Смельчак неторопливо вышел на противоположную, облитую лунным серебром часть проулка. Отсалютовал двумя пальцами. Он прихрамывал, но двигался уверенно, явно привычный к недугу.
Охотник ждал, собранный и спокойный. Вино и кровь воспламенили нервы, вдохнули огонь в закостеневшее от безделье тело. Он оставался спокоен, но чувствовал струящуюся по жилам силу. Могучую силу человека, знающего смерть, но любящего жизнь.
Хромоногий приблизился к Охотнику и протянул позабытый в борделе посох.
– Мне кажется, это ваше? – сказал-спросил он, не то извиняясь, не то издеваясь.
– Благодарю. Я по нему скучал.
Мужчина сделал шаг назад и улыбнулся. Улыбался он хитро и аппетитно.
– Меня зовут Патрик Дидо. Мастер особых поручений Имперского Сыска в городе Арабае.
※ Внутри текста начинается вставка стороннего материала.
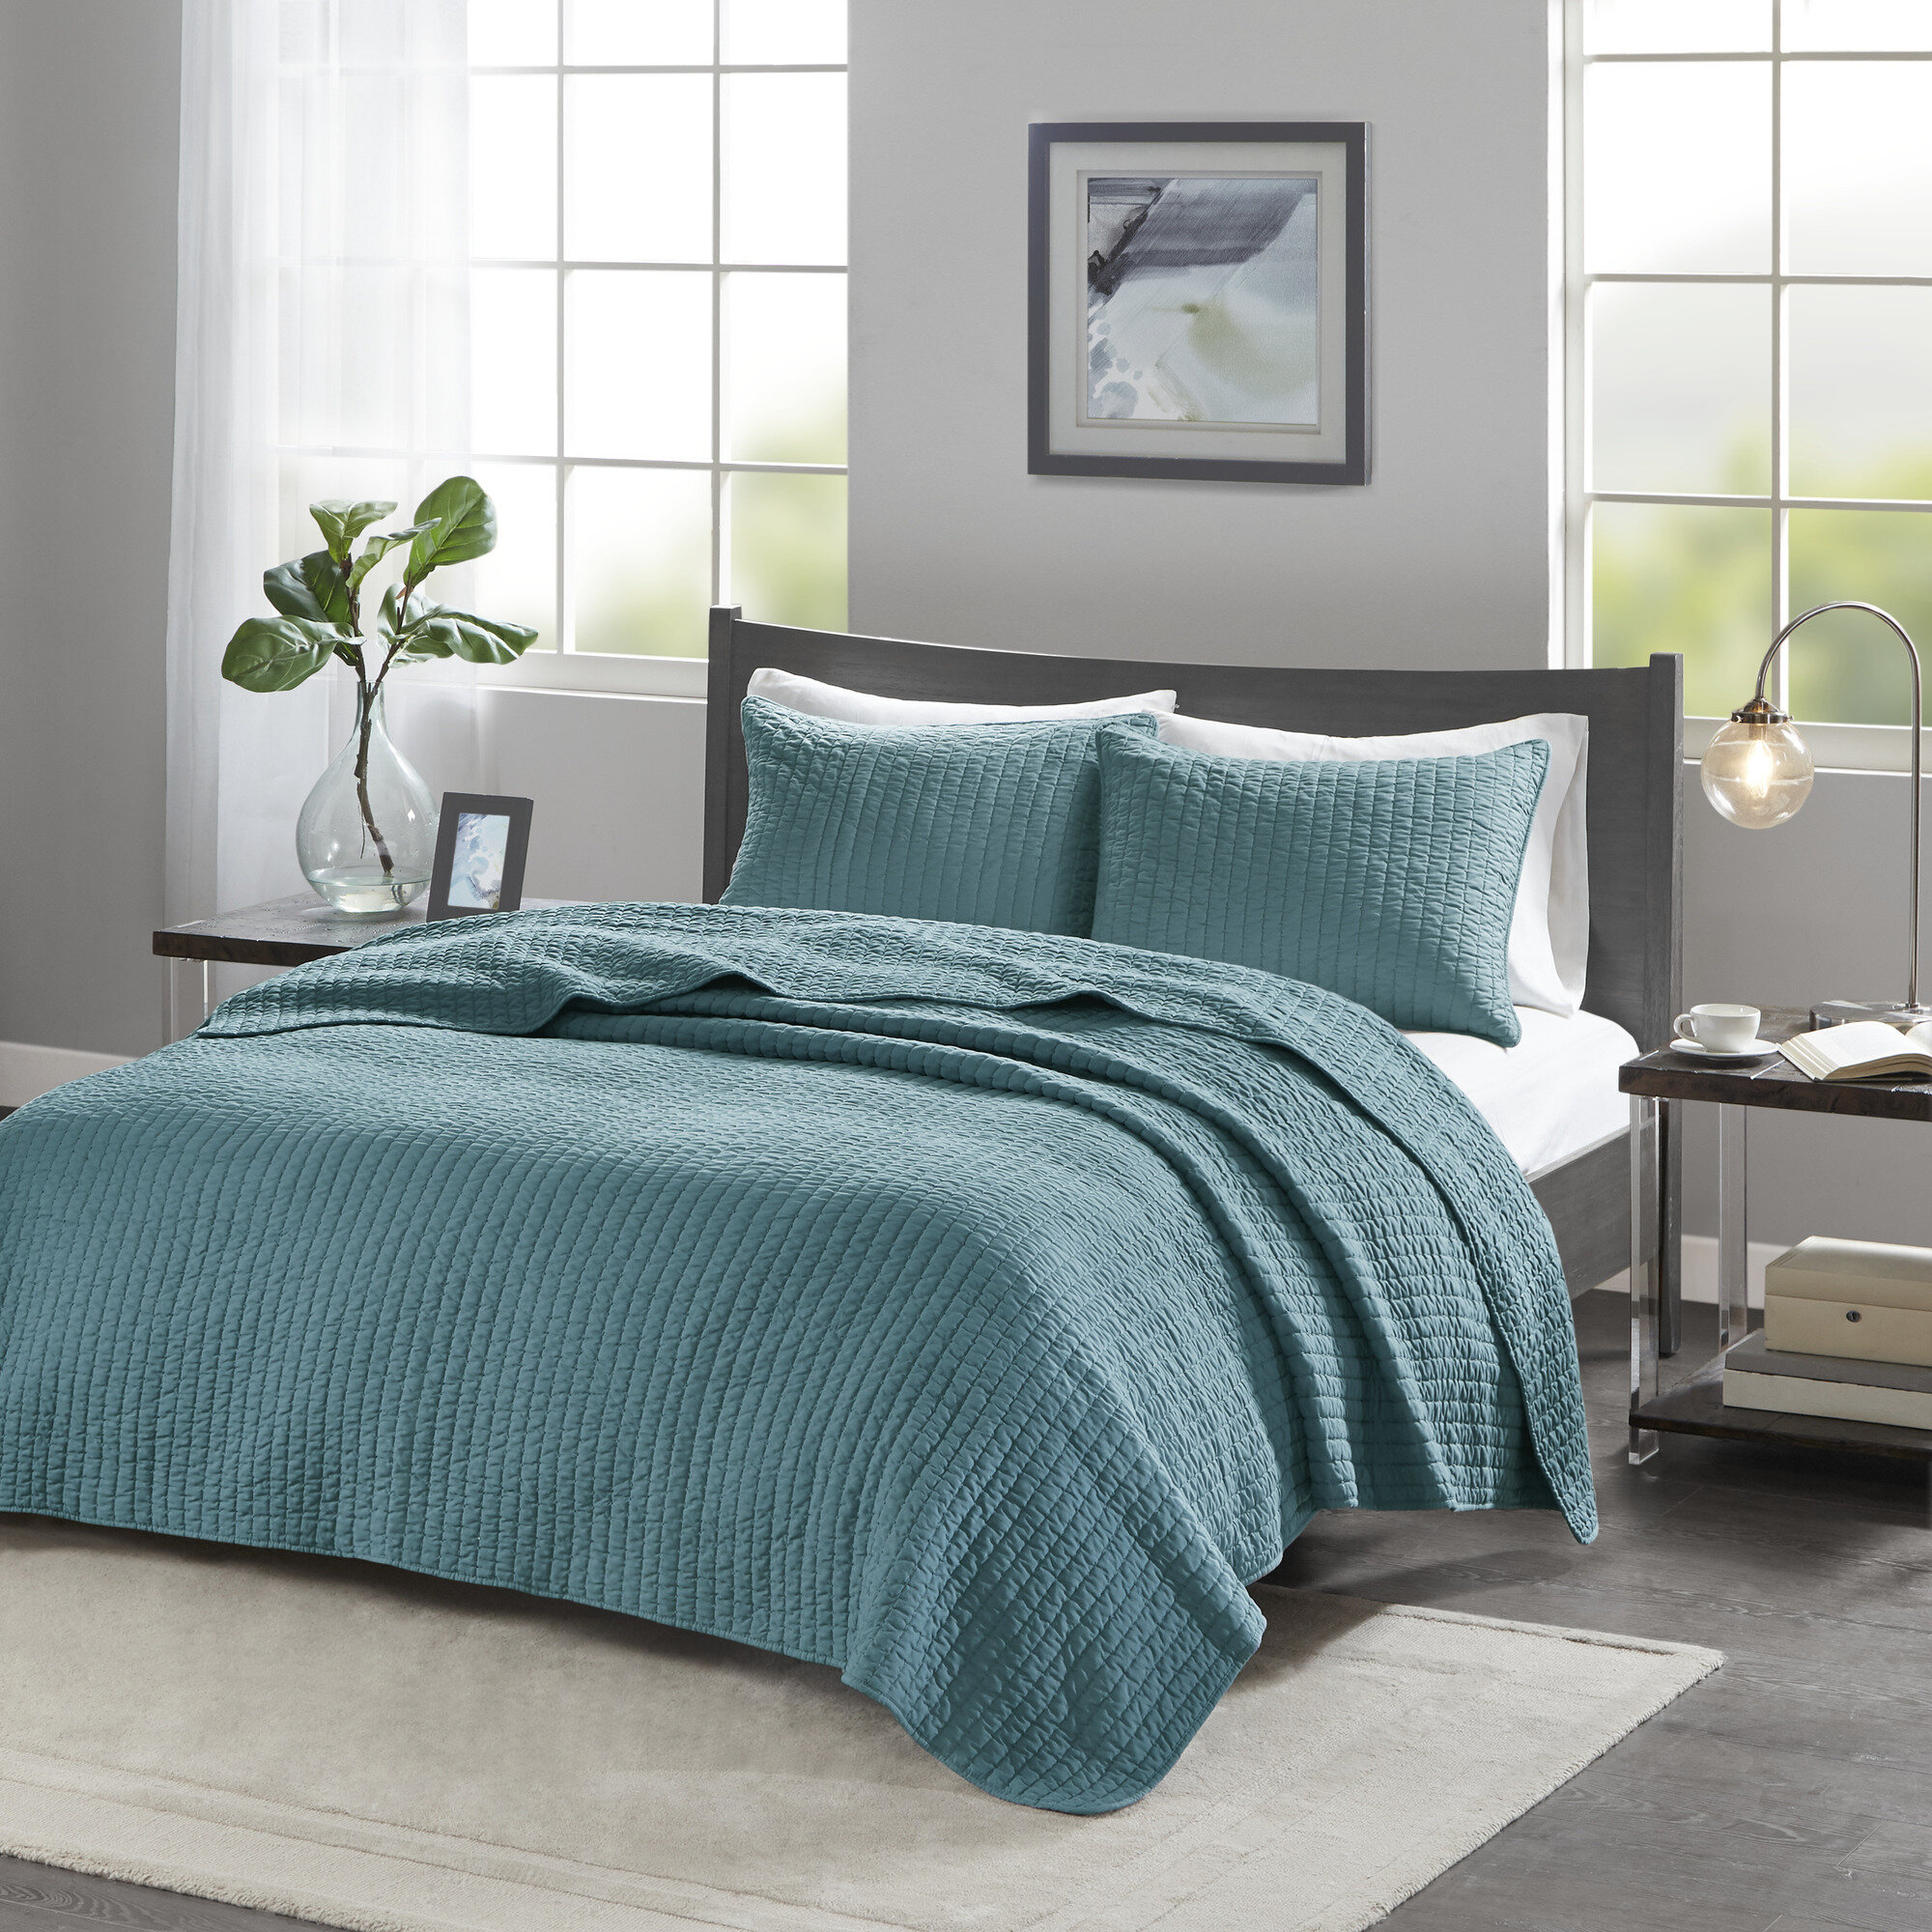 Teal Quilts Coverlets Sets Free Shipping Over 35 Wayfair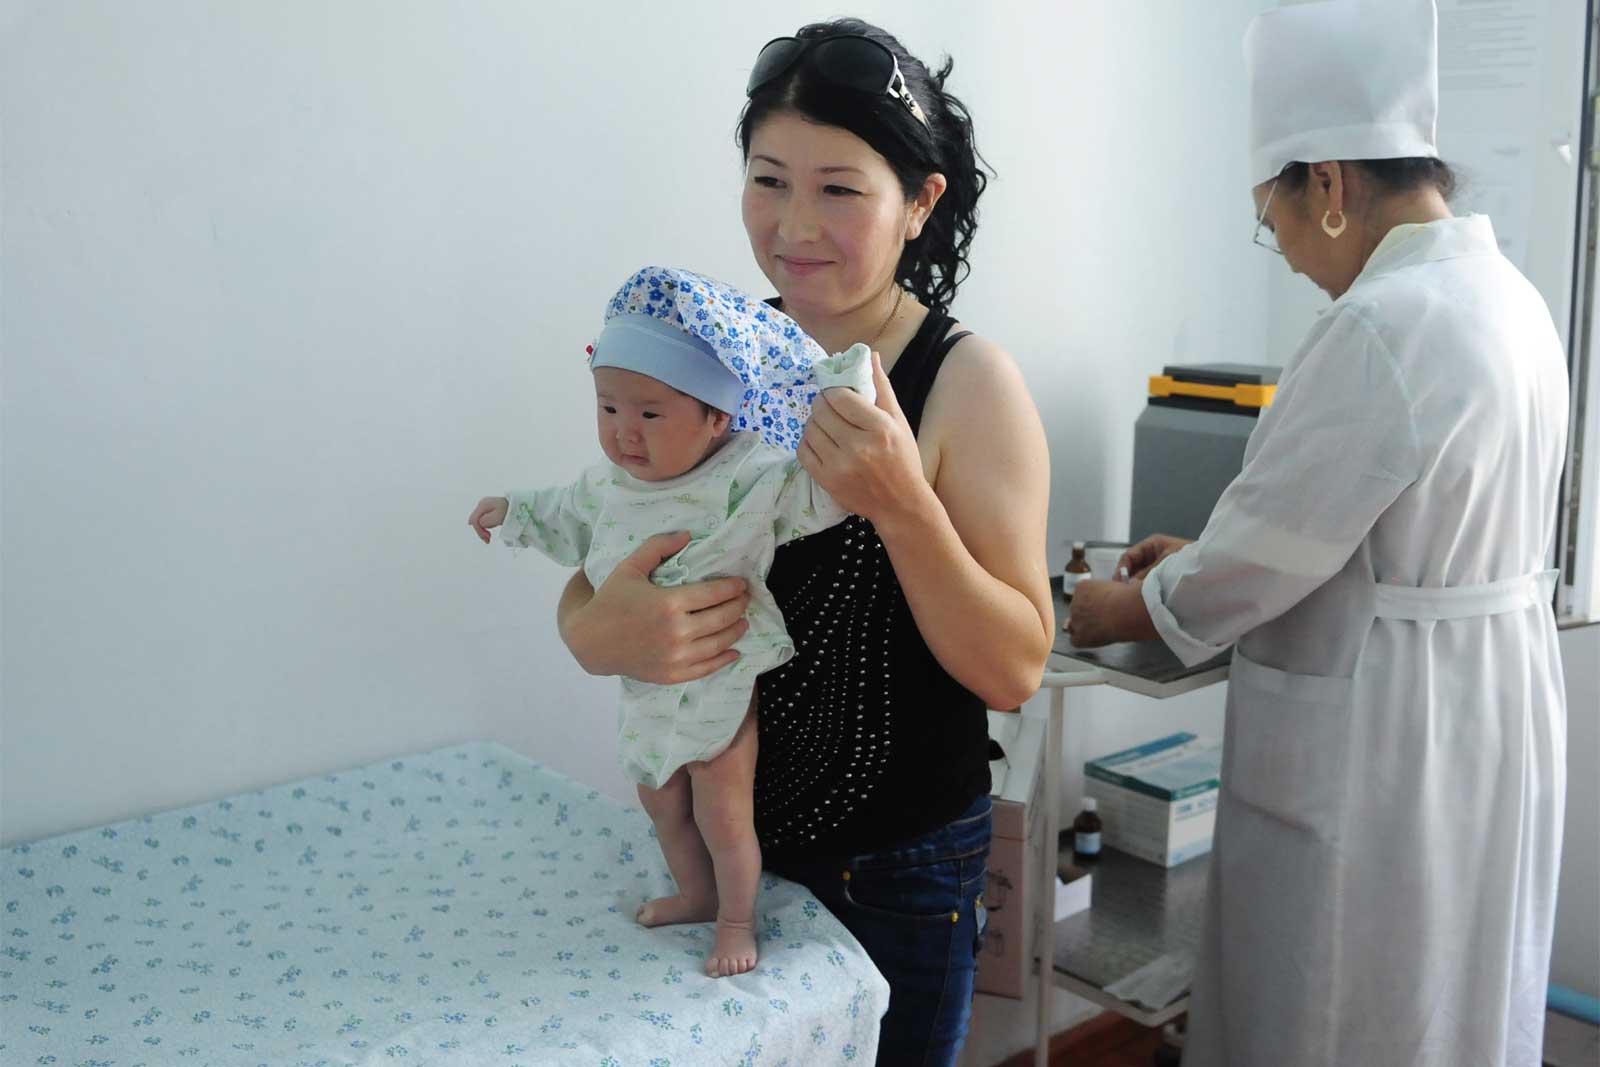  At the Nooken centre, two-month-old Asel’ Sarbayeva gets a welcome distraction in preparation for receiving the five-in-one pentavalent vaccine. The routine use of this vaccine, introduced in 2009 with GAVI support, provides a simpler, less painful way to protect babies against major infectious diseases through a single injection.

– Дидо, – задумчиво повторил Охотник, разглядывая человека, который изображал в «Цыпочках» предводителя лжестуденческой ватаги. – Графы Луастило? Желто-зеленый герб с горящей башней и двумя черными котами?
Патрик Дидо отвесил клоунский поклон. Охотник по- прежнему не чувствовал в мужчине страха. Лишь усталость и любопытство. Это вызывало невольную симпатию.
Граф Луастило ощутил настроение старика.
– Поговорим? – предложил он и еще раз вкусно улыбнулся.
– Хотелось бы, но нет времени, да и настроения. Подпортили сегодня какие-то хулиганы, – отточенным движением Охотник оперся на посох. Розовощекий щипатель женских задков определенно нравился, но старик не собирался раздавать комплименты. – Вы ошиблись, граф! Я не тот, кто вам нужен. Арабайские интриги никоим образом меня не затрагивают.
Патрик Дидо неожиданно щелкнул пальцами. Охотник напрягся, но ничего не произошло. Лишь тихое бренчание расслабляющихся арбалетных струн. Компаньоны хромоногого сыскаря подчинились отмашке.
– В таком случае, зачем вы пришли в бордель, Гвардеец? Для чего встречались с этой поганью?
Охотнику захотелось ответить честно.
– Точно не знаю, но для меня это важно.
– Можно рассчитывать на подробности?
– Вполне. В «Цыпочках» я искал Шарма. Остальное меня не привлекало.
Патрик Дидо скрестил руки на животе. Большие пальцы пришли в движение, закрутились.
– Вам известно, сударь, что Шарманщик дал согласие на сотрудничество с Фронтом Свободного Улара? Это коронное преступление и карается оно…
– Причитающаяся кара для меня не секрет, – оборвал Охотник. – Уверяю вас, Шарм никаким боком не причастен к какому-то Фронту. Его вина заключается в любопытстве да привязанности к хорошей выпивке.
– Простите?
– Он любит качественное вино, а те господа наливали.
– Это шутка?
Охотник воткнулся взглядом в хромоногого Патрика. Тот глаз не отвел.
– Послушайте, Дидо. Сегодня вы третий человек, назвавший меня шутником. Признаюсь, мне льстит такая оценка, но на роль острослова я гожусь много меньше других.
Патрик Дидо лимонно сморщился.
– Хотите сказать, наши сведения неверны?
– Вы удивительно догадливы! Нам с Шармом нет дела до заговоров и разных революций. У меня, знаете ли, от заговоров возникает запор, а от революций ветры. Шарманщик и того меньше любит смутные мероприятия. Они для него слишком хлопотны!
Патрик Дидо рассмеялся. Смеялся сыскарь еще вкуснее, нежели улыбался.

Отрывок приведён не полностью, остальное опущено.